S: I’m not focused on fashion, but of course, most of my friends still work in the industry, so at the very least, I feel the need to follow them on Instagram. I love knowing about their influences and everything they study and research. These are ways of working that still engage me—work with a strong presence and its own moral code.
M: It seems like you have a pretty clear idea of what you enjoy wearing these days.
S: Let’s just say I’ve always been really into fashion, but what I love most is wearing tailored men’s clothing. I’m truly obsessed with Savile Row and anyone who can get close to that level of perfection. Shoes are also super important. I almost exclusively wear loafers. Someone once said they found it strange to visit someone’s house and not see at least one pair of lace-up shoes lying around. So I pulled out a pair from my closet, and next time someone visits, they’ll be on display so people can understand just how irrelevant they are to me.
M : You mentioned your home, so I think we can move on to the topic of your important relationship with space. In a past interview, I read a comment of yours that really stood out to me, so I wrote it down: “I know how to place things so they look their best. I used to photograph all my work for Instagram, and I knew it would only work if it looked good in my iPhone shots.” Is that still true?
S: I definitely believe I know how to arrange a room. I know how to make it more relaxing in some way, but I also know how to create spaces that are unsettling, that can drive people crazy, provoke hallucinations, or create negative energy. What I do for myself are livable spaces, but sometimes they become too livable… and then it all borders on a psychedelic trip, the discomfort of being stuck in one place for too long.

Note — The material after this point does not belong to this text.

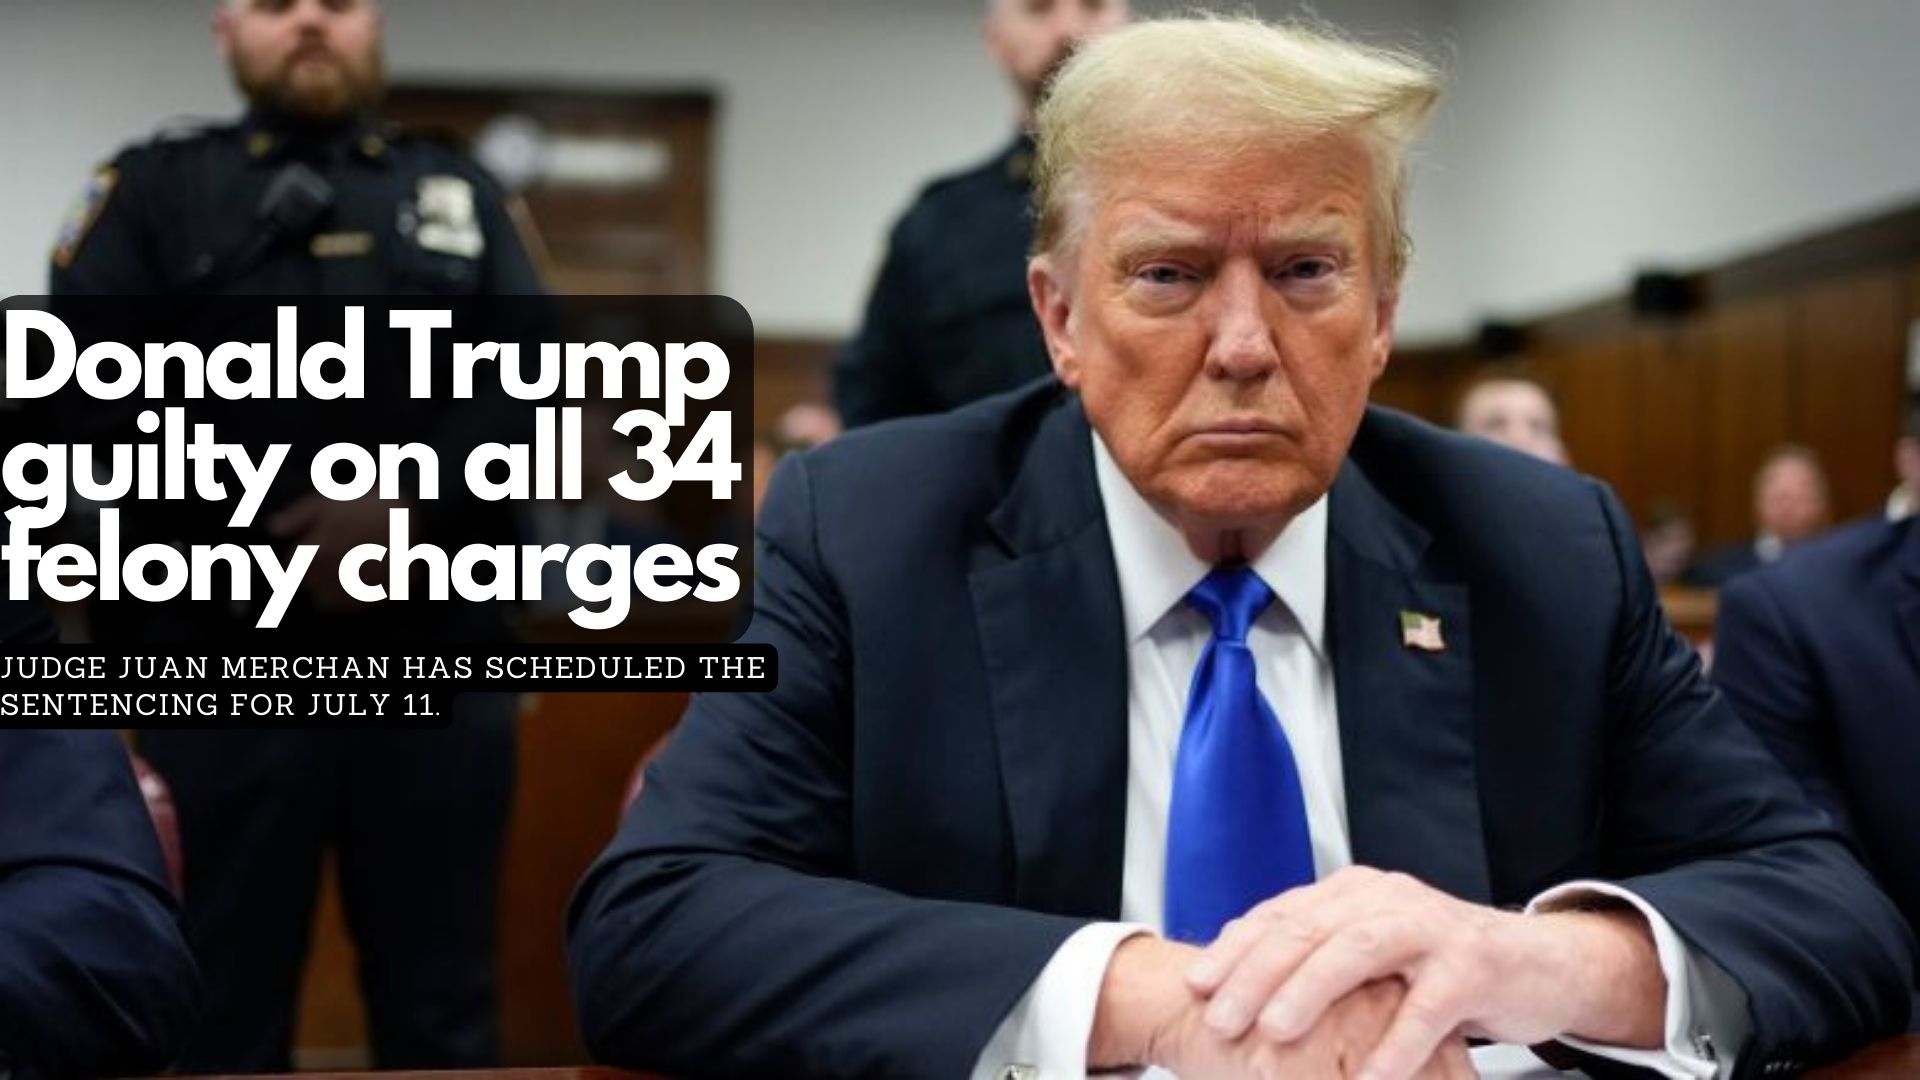 Donald Trump guilty on all 34 felony charges

What I just said applies to my home, but when I’m setting up an exhibit, collecting objects, furniture pieces, construction materials, car parts, or whatever I can bring into the space, I aim to trigger responses that go beyond their intrinsic value. I want to make the audience see visual culture in what comes from their consumer culture. I’m telling a story with materials I don’t alter—I just reconfigure them, turning them into functional elements of my exhibit’s design. If the audience walks into a room and sees maybe a dozen objects lined up, I know I’ve given them a visual map of the story. Those objects become almost anthropomorphic presences, and I feel like people respond to them on a human level, reacting in different ways to what they perceive.
M: And after having appreciated human features and the soul of the objects you’ve found, don’t you think they’ve permanently acquired artistic value? I mean, why, when you take down the exhibit, do you return them to the same street corners where you collected them, destined for disposal?
S: They’re like elements of a language I can find in any city, immediately accessible for creating my compositions, which I see as storyboards, but they can also be read like poems in space. But I’ve also realized that some people won’t let me take the objects back to where I found them anymore. Especially gallery owners, who say, maybe we should preserve some of these things. And I tell them they’re free to do so or not. As for me, my real work doesn’t involve preserving them. I don’t even know how well they hold up in collections.
M: It’s clear, though, that your true calling is to write, think, and explore. What do you plan to do next, and what are you still missing?
S: I like pen on paper or hands on a keyboard. I like the idea of writing stories, novels, screenplays. I’ve tried a bit of all of these, but soon I’ll succeed. The use of words is important—you need to find a way to engage with all forms of communication. I’m sure even psychoanalytic therapy, which I’ve just started, will help me a lot.